I think perhaps I should phrase it another way...

Can I lodge my 820 application whilst I am on my 457 and then move onto a Student Visa after the 820 application has been lodged? Are there any issues with this?

In other words can you lodge another visa application once you have already lodged one previously.

I really need to find this out so if anyone has any info that would be great.

Thanks in advance!


----------



## tulauras (Sep 1, 2013)

You would technically be cancelling the 457, so would lose the BVA, but I believe you could apply to have it reinstated once you're on your student visa. This should work, but it is a bit tricky

It would obviously be easiest to apply for the student visa first and then the 820, but I'm guessing that you don't want your PR held up by a couple of months? If you could hold out this might be a more certain way of doing things (and not leave you beholden to DIBP's discretion).


----------



## Wilberforce (Jan 14, 2013)

Thanks tulauras...

I think if I simplify it a bit more maybe... Does it matter about the BVA? Surely moving from one visa to another (457 to Student Visa) would just transition over anyway? It is more whether there is anything stopping me applying to do this once the 820 has already been lodged?


----------



## CollegeGirl (Nov 10, 2012)

I honestly don't know, Wilber. This is the first time I've seen anyone ask about something like this.


----------



## tulauras (Sep 1, 2013)

CollegeGirl, is it right to say that the BVA wouldn't just carry over? I think you'd have to get another one. 

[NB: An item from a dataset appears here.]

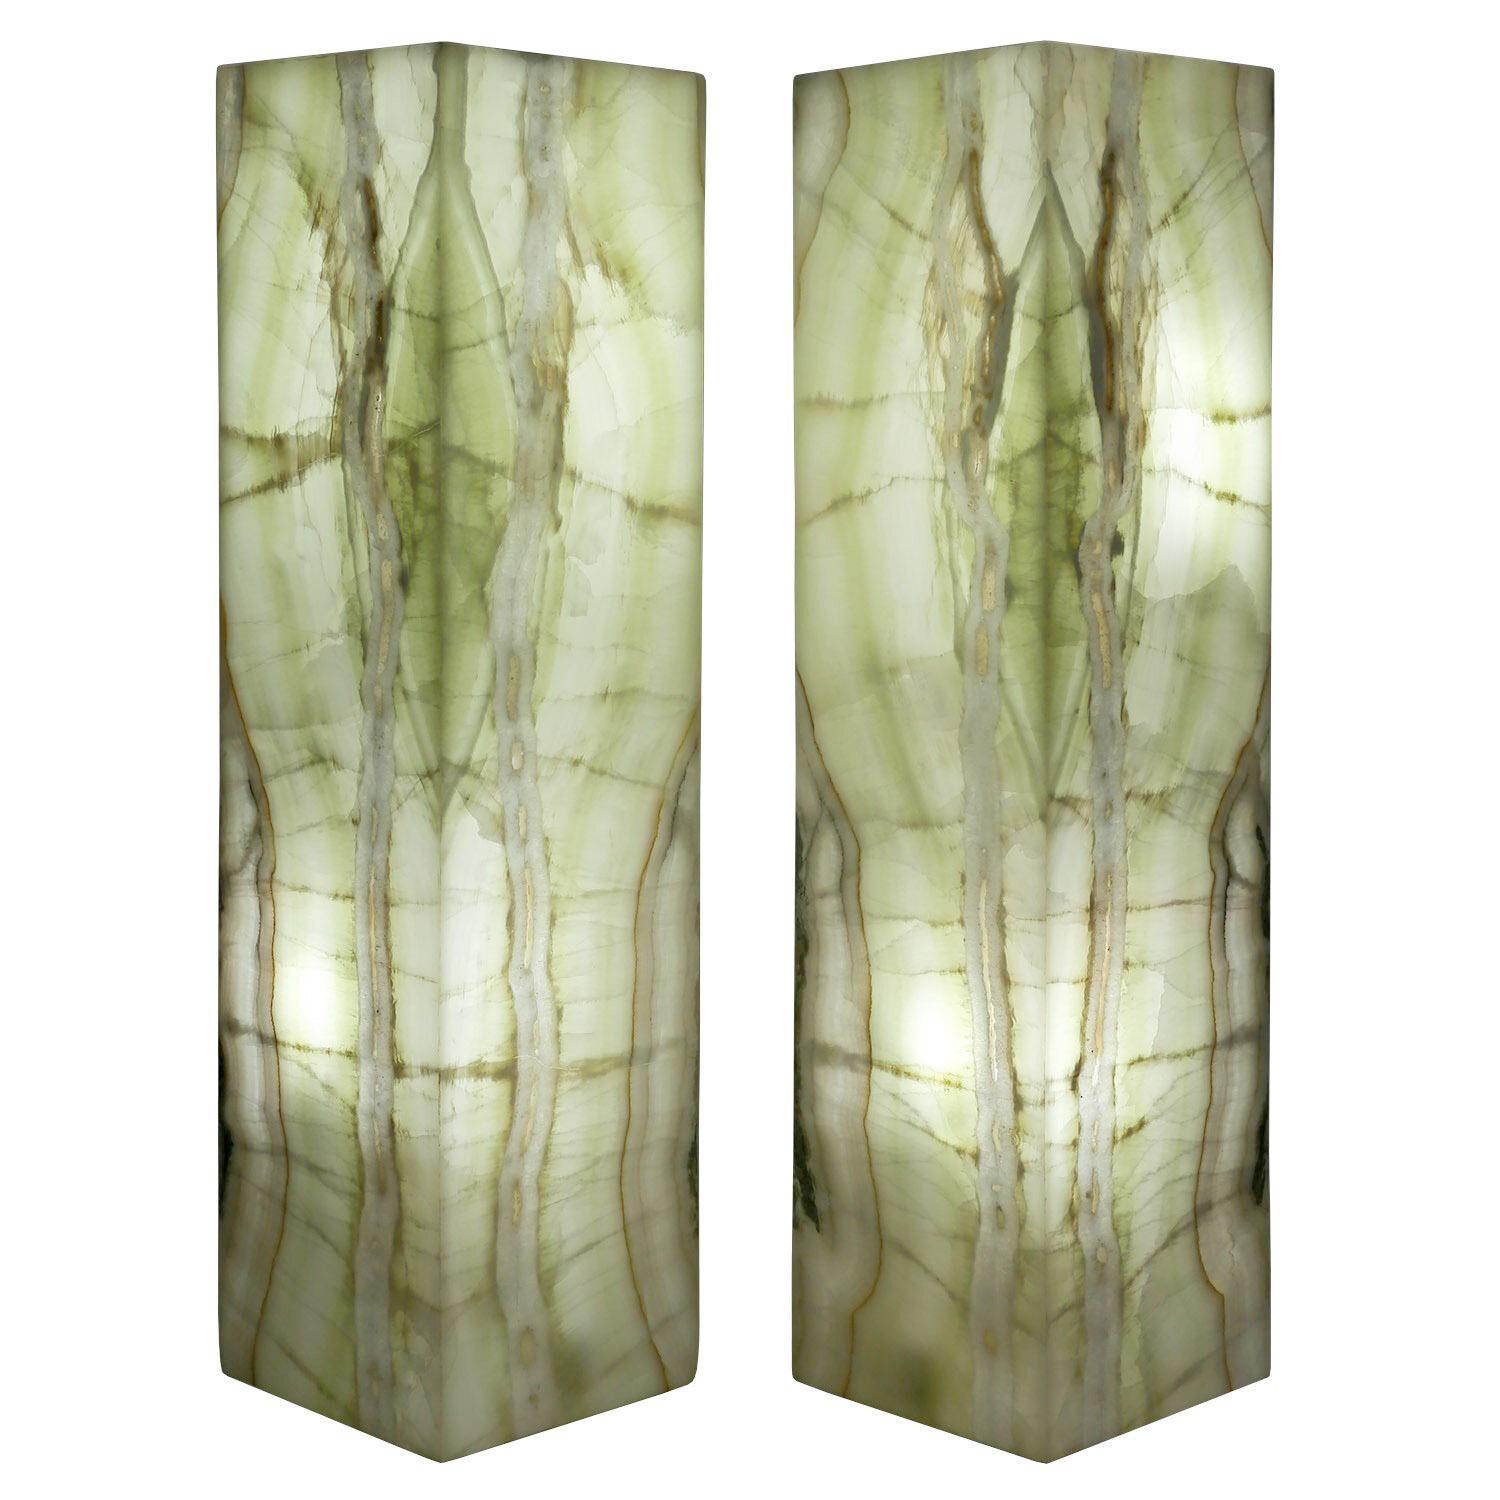 Set of 2 Tall Natural Onyx Table Lamps

Natural Polished Onyx
5-sided, open in the bottom to facilitate changing the bulbs
Measures: 32 x 8 x 8 in. / 81 x 20 x 20 cm
These pale green lamps are an excellent way to create ambiance and provide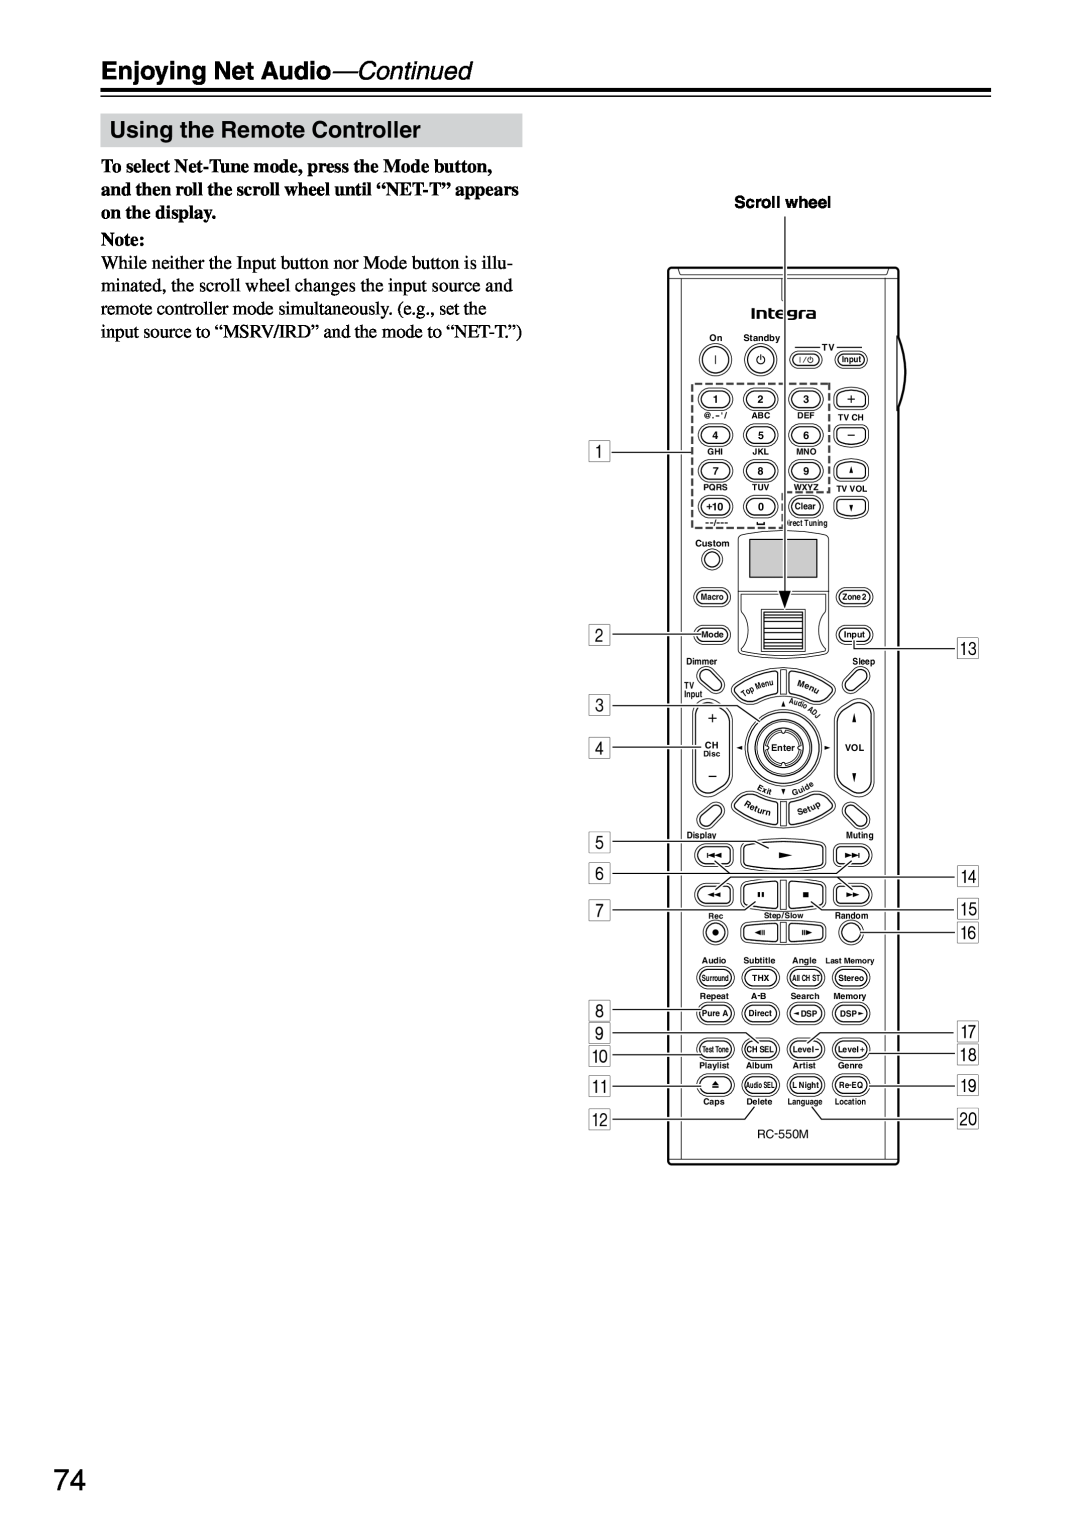 Integra DTR-7.4 instruction manual Enjoying Net Audio—Continued, Using the Remote Controller, Scroll wheel

As to whether you can apply for another visa, the answer would be 'yes, unless you're precluded from doing so'. So I'd read the BVA conditions carefully, and if it doesn't say you can't then you can. I'll have a look at this myself when my phone's not dying...


----------



## GBP (Jun 1, 2013)

tulauras said:


> CollegeGirl, is it right to say that the BVA wouldn't just carry over? I think you'd have to get another one.
> 
> As to whether you can apply for another visa, the answer would be 'yes, unless you're precluded from doing so'. So I'd read the BVA conditions carefully, and if it doesn't say you can't then you can. I'll have a look at this myself when my phone's not dying...

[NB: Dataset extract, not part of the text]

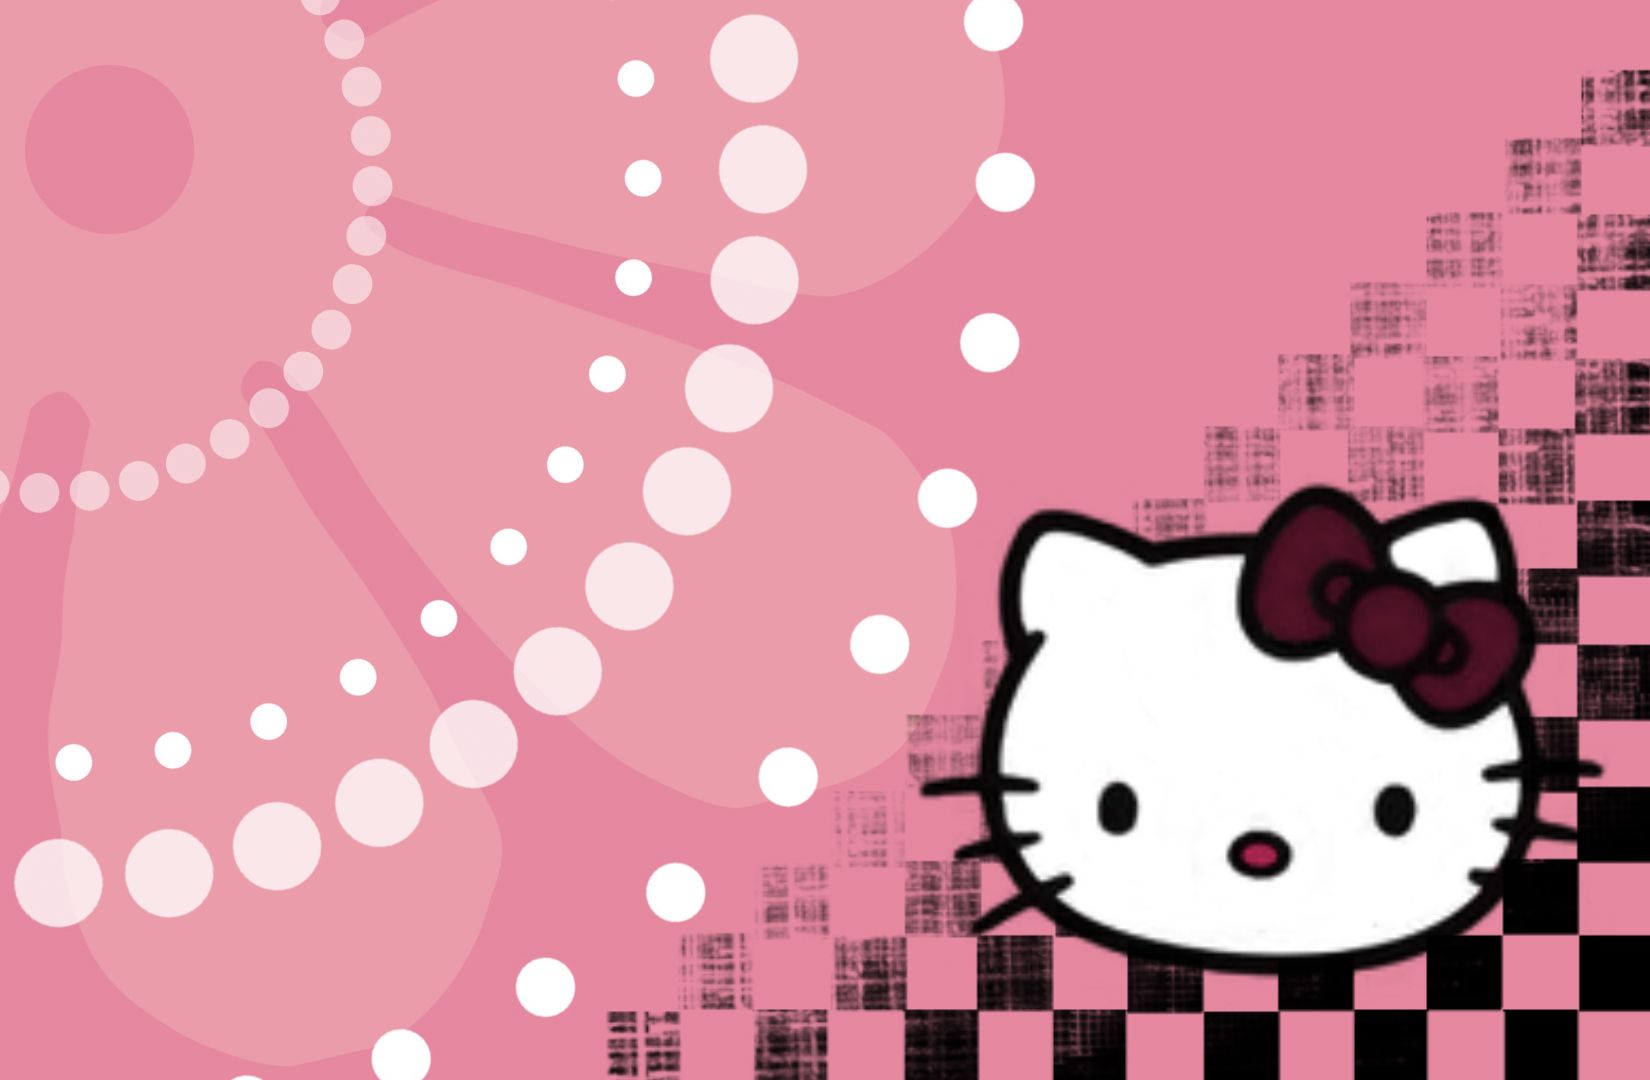 Download Full Hello Kitty Wallpaper 1650x1080 Full HD Backgrounds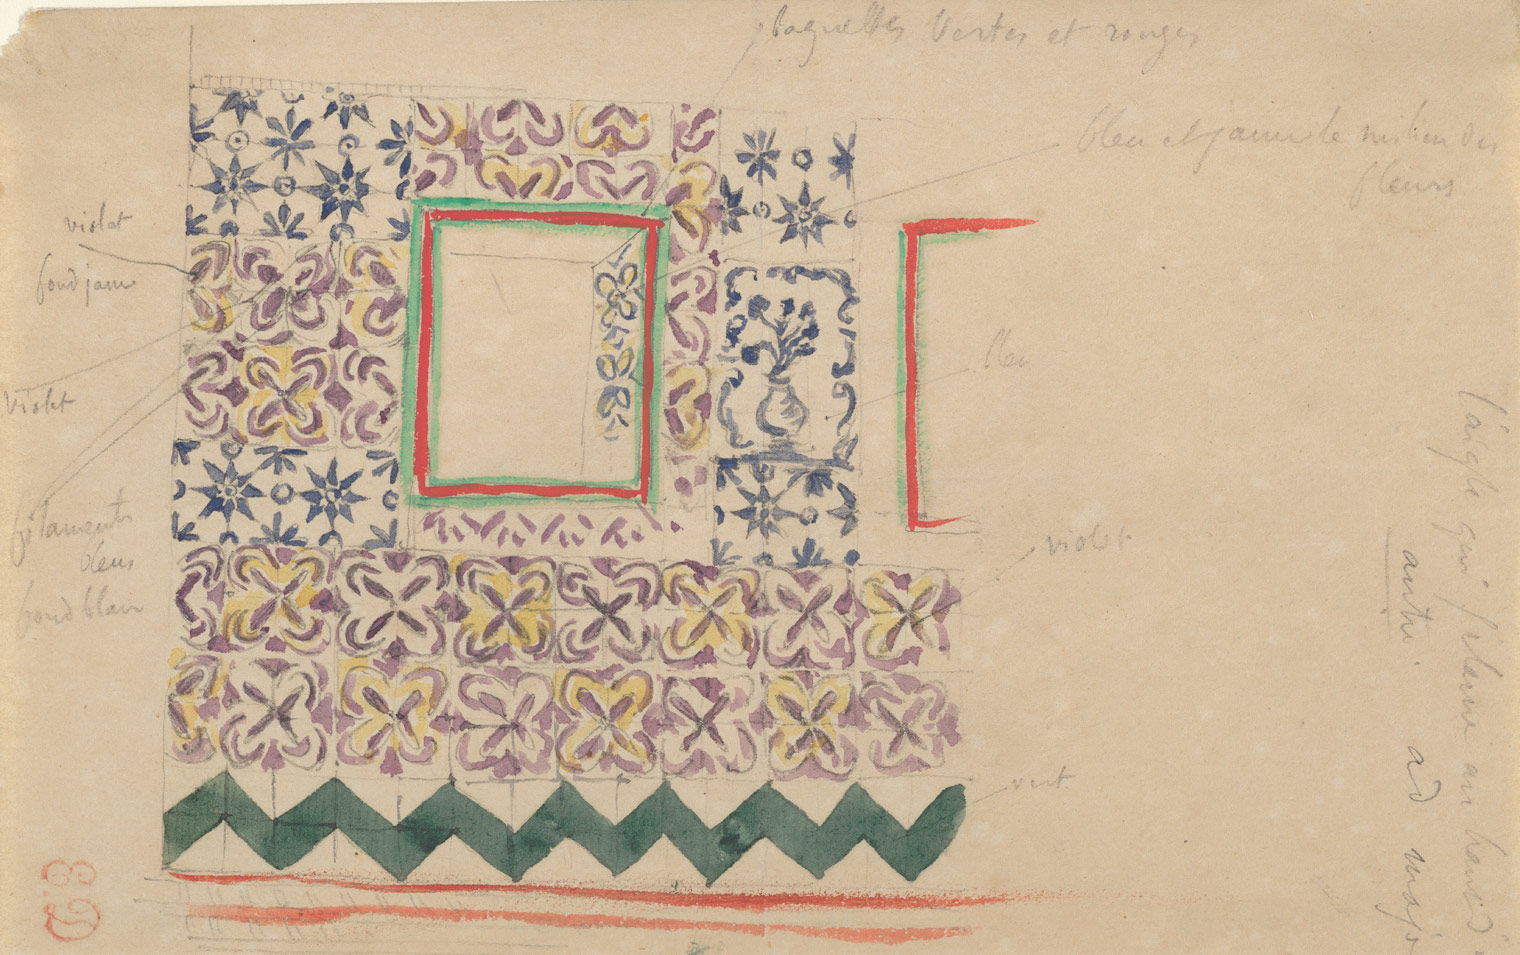 Delacroix drawing of Spanish tiles seen in Morocco

OP obviously doesn't mind about BV A at all...


----------



## Adventuress (Jan 8, 2012)

Hi Wilberforce,

There would be nothing to stop you having two visa applications in the pipeline at the same time - people do this all the time when they apply for a partner visa offshore and then apply for a tourist visa to visit. So you could certainly apply for the partner visa and the student visa, and have the student visa granted and active while a decision is still pending on the partner visa.

However what you need to be aware of, is that the visa that is the latest one granted is the visa that is ultimately valid. This means that if your partner visa is granted at some point in time, and the student visa granted immediately after it, then the student visa would effectively "cancel out" the partner visa, because that's the latest visa you have had granted to you. In such a case your only resort would be to re-apply for the partner visa you lost.

In practice I think this would be extremely unlikely, as student visas normally take much less time to process than partner visas. Since you are from the UK, you would be classed in Assessment Level 1 for student visas, which according to this table have a standard processing time of 14 days. Partner visas, on the hand, commonly take longer than a year to process onshore. However, having said that, we do receive stories here on the forum - and this is infrequent and rare, but not impossible - where partner visas have been granted within days.

Ultimately, the issue is communication with your case officer(s) (not sure if you even get assigned one for the student visa) - I think different visas are processed by different centres who would ordinarily have no reason to communicate with each other.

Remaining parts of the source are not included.